Everyone, sooner or later, gets a thorough schooling in brokenness. The question becomes: What to do with the pieces? Some people hunker down atop the local pile of ruins and make do, Bedouin tending their goats in the shade of shattered giants. Others set about breaking what remains of the world into bits ever smaller and more jagged, kicking through the rubble like kids running through piles of leaves. And some people, passing among the scattered pieces of that great overturned jigsaw puzzle, start to pick up a piece here, a piece there, with a vague yet irresistible notion that perhaps something might be done about putting the thing back together again.
In discussing some aspects of Higher Education, Dennis Tourish writes:
On all sides, it seems that long-term loyalty is an idea without a long-term future.
Nice article in the LRB by Wang Xiuying, ‘The Word from Wuhan’.
(Throwing woks: when everyone denies all responsibility and tries to shift the blame back onto the blamer, they are busy ‘throwing woks’).

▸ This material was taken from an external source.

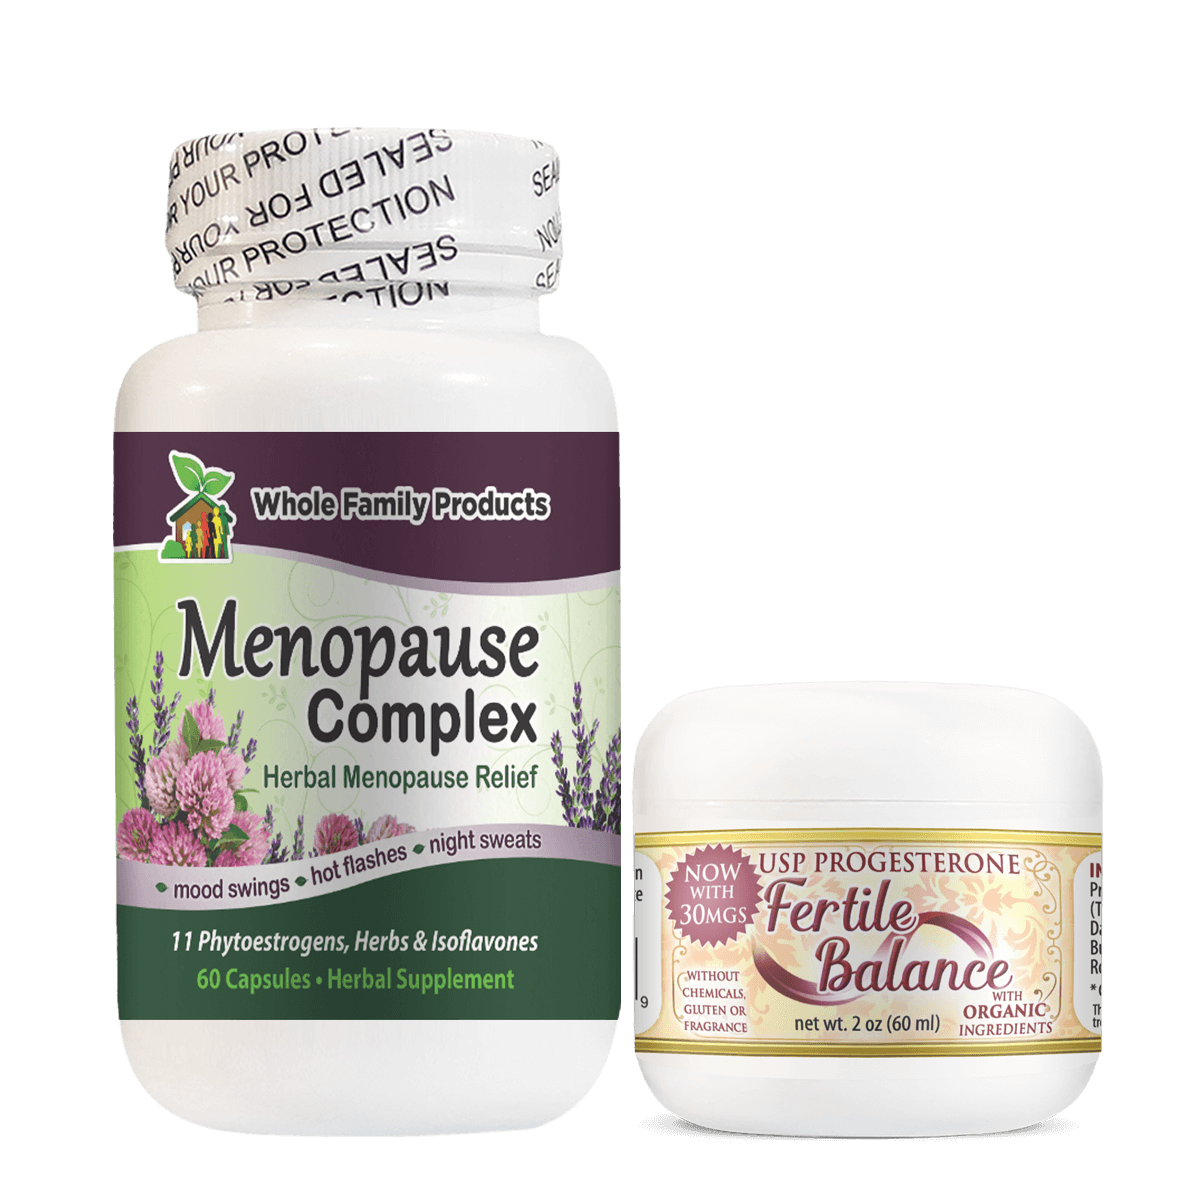 Menopause Complex and Fertile Balance Product Bundle
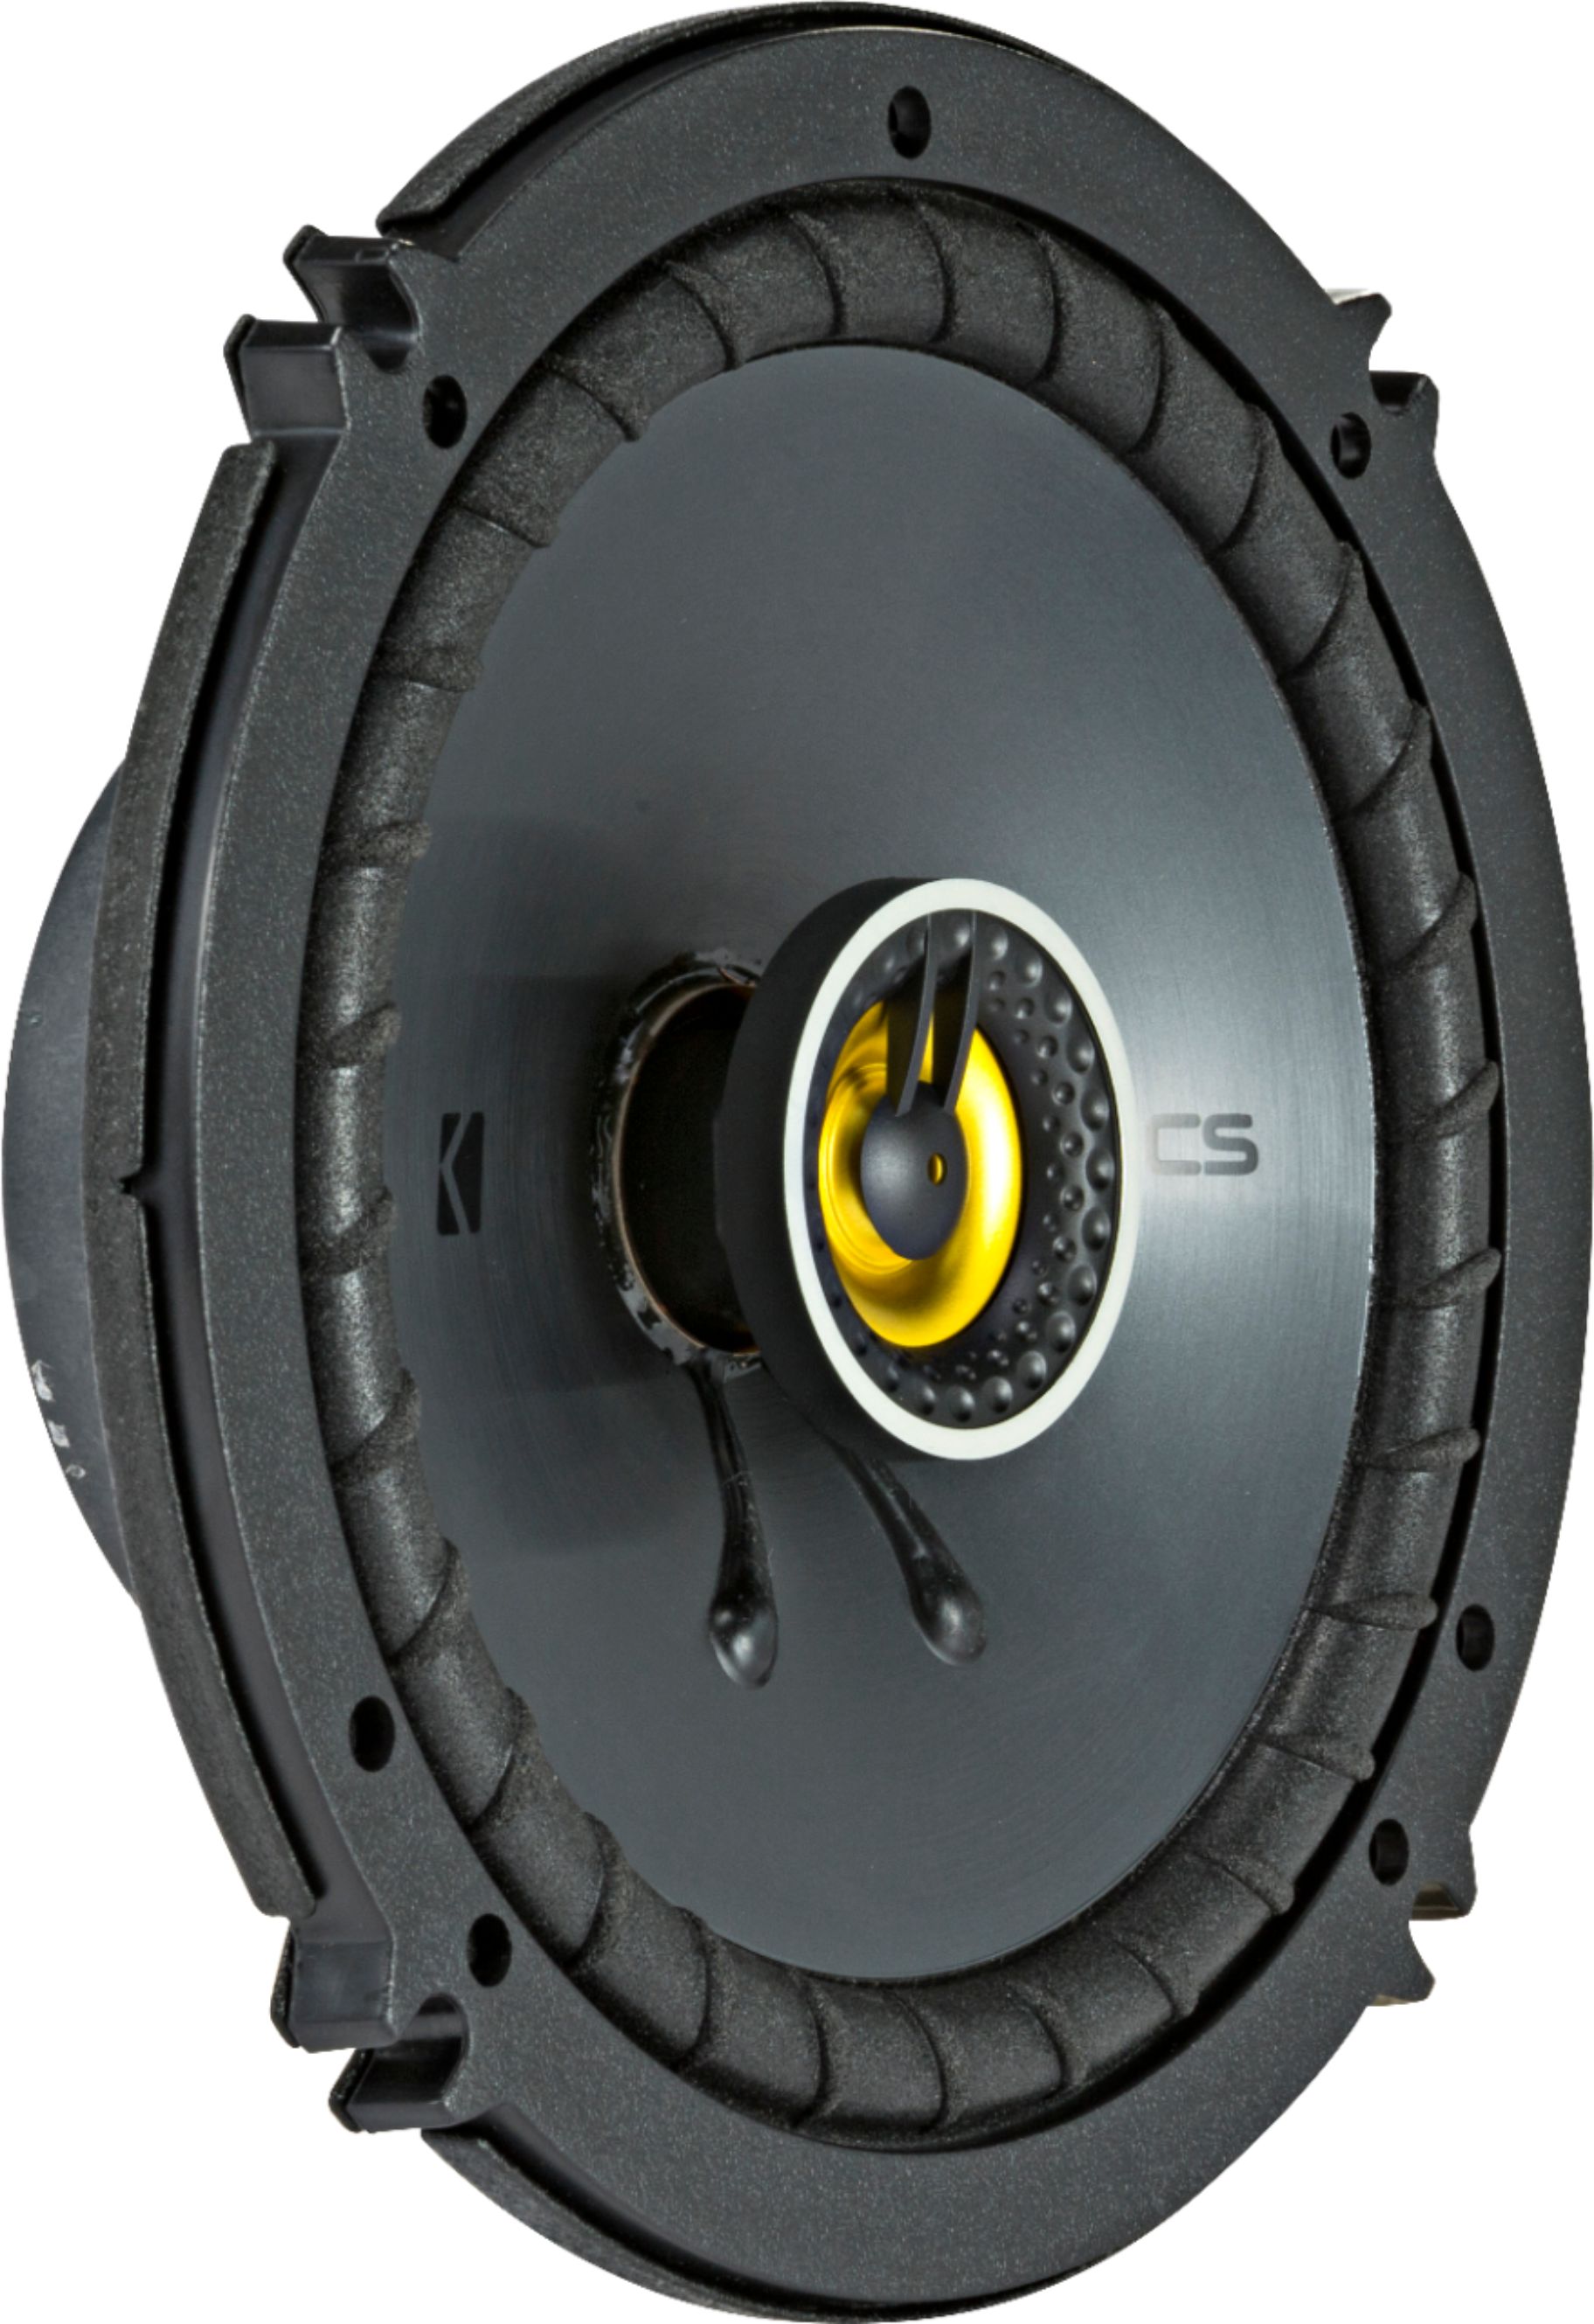 Angle View: KICKER - CS Series 6-1/2" 2-Way Car Speakers with Polypropylene Cones (Pair) - Yellow/Black

Throwing woks is an art you need to understand if you want to get things done in China. Whether you’re building an airport, applying for a research grant or inviting a foreign national to give a talk, you have to fill in so many forms, and get approval from so many departments with all their competing demands, that you risk getting trapped somewhere in the middle: whichever way you turn you risk causing upset or offence in one quarter or another. In the workplace too, a step in the wrong direction can provoke a superior and ruin a career, so that sometimes it’s wisest to do nothing at all. Until a virus strikes, that is.
With couples confined together 24/7, ordinary marital friction soon escalates into all-out war. Domestic servants, often migrants, who went out of town over the Chinese New Year, have been unable to return to work – but someone still has to do the household chores. Men slump on the sofa playing video games or hide behind a laptop pretending to work, while still expecting three meals a day and fresh laundry. A joke went around:
Client: My wife and I have been quarantined together for 14 days and we’ve decided to get back together! I don’t want to go ahead with the divorce. Can you refund the fee?
Lawyer: 14 days … hmmmm … Let’s not rush it: I think we’re still in business.